**** Data for the task ****

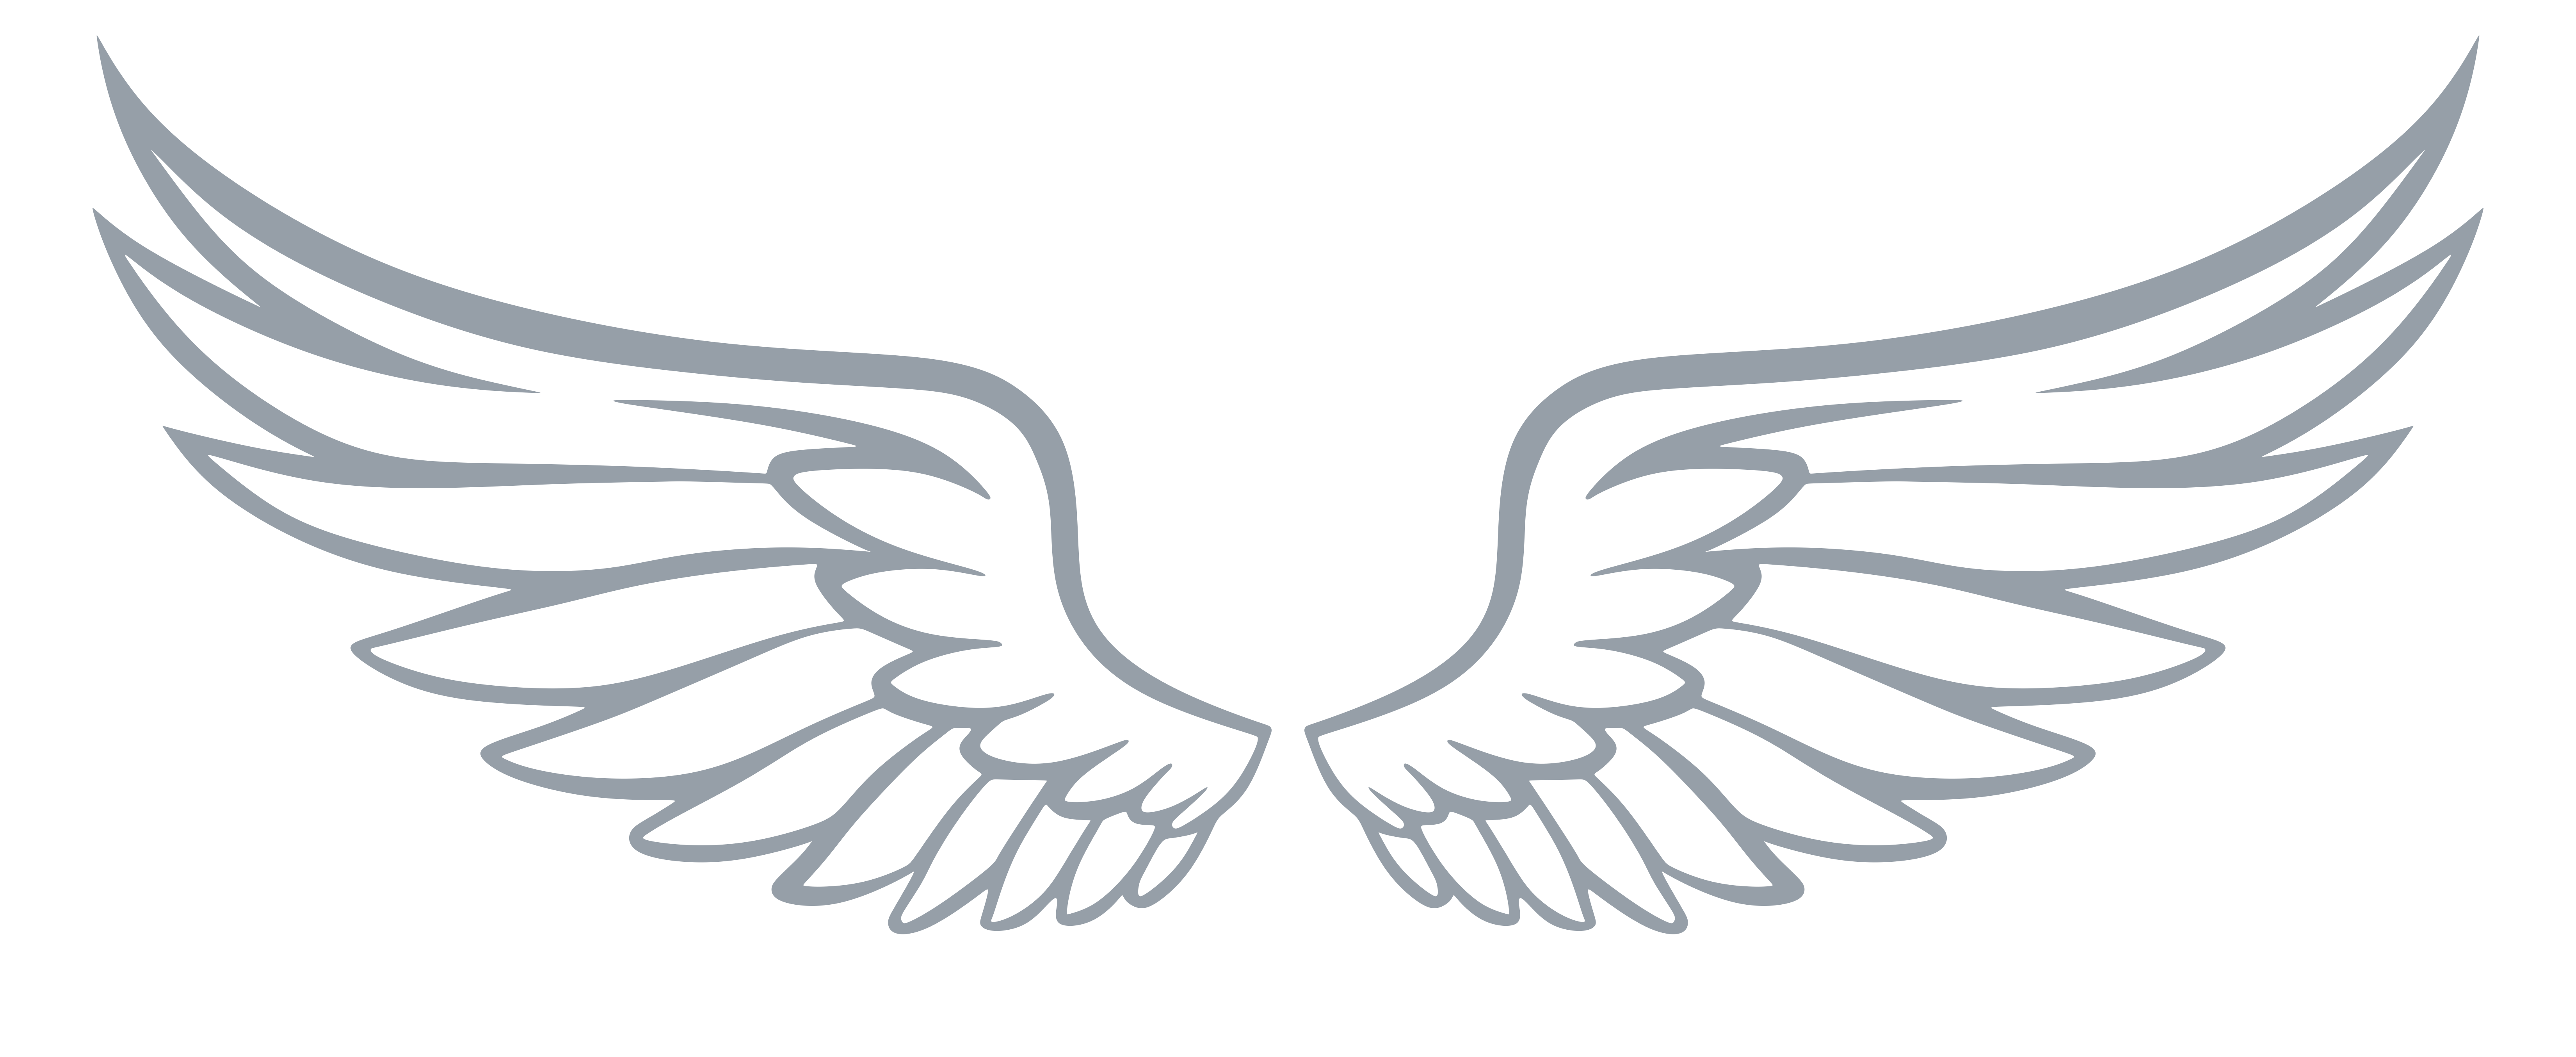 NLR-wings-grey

****
**** Data for the task ****

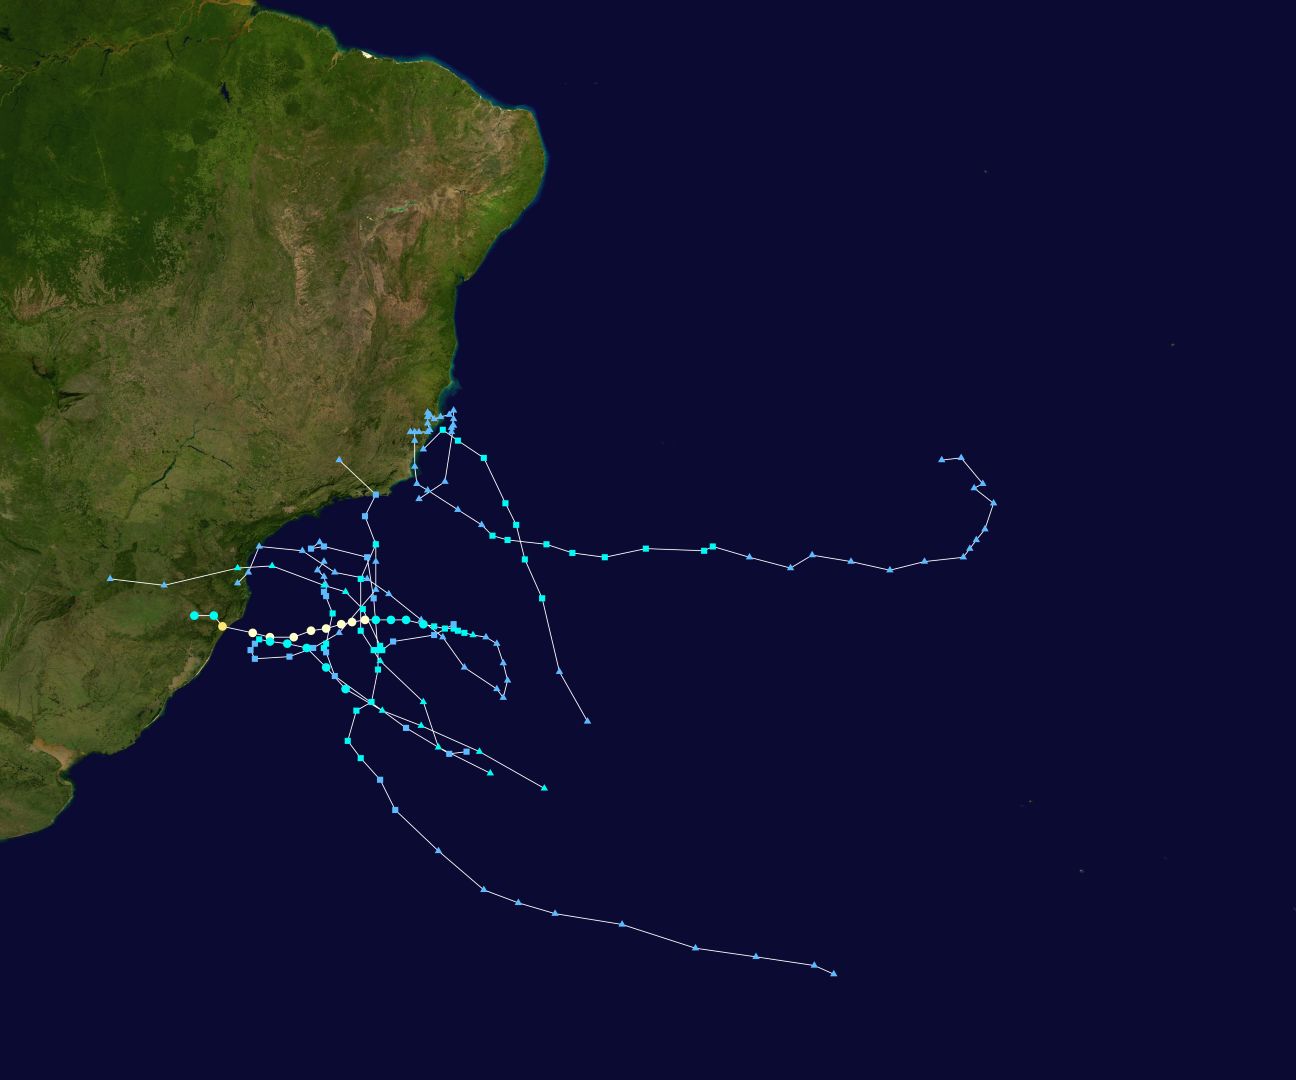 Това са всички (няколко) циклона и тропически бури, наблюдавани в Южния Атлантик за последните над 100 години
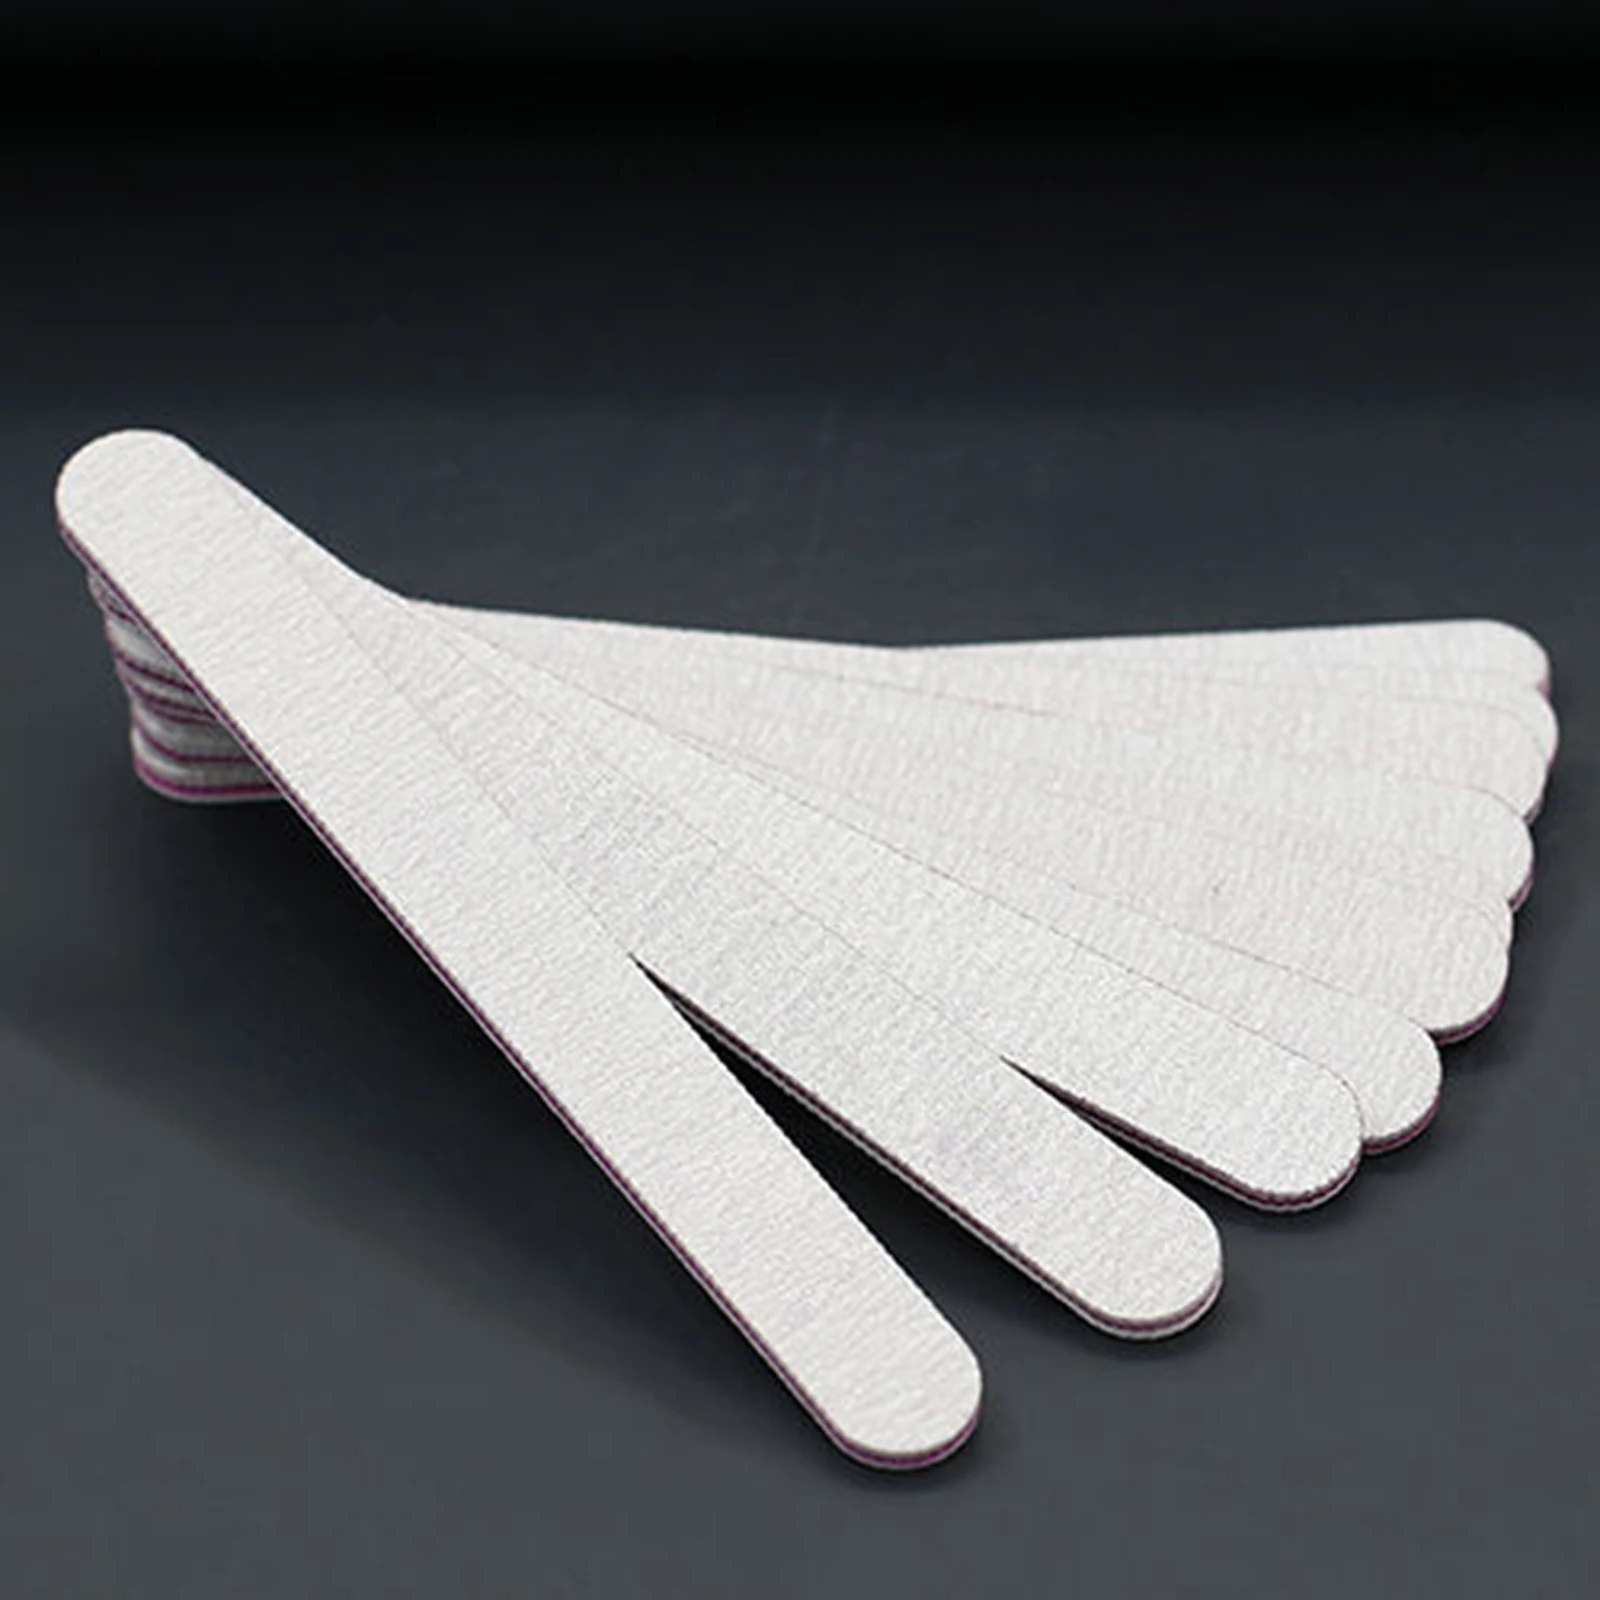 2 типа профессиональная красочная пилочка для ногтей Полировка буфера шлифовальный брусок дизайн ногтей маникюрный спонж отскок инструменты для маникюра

****

In the listing above, find the line with "Това са всички" and the line with "2 типа профессиональная". Copy exactly those two and every line between, without the pictures.

:: Answer box ::
 Това са всички (няколко) циклона и тропически бури, наблюдавани в Южния Атлантик за последните над 100 години
 2 типа профессиональная красочная пилочка для ногтей Полировка буфера шлифовальный брусок дизайн ногтей маникюрный спонж отскок инструменты для маникюра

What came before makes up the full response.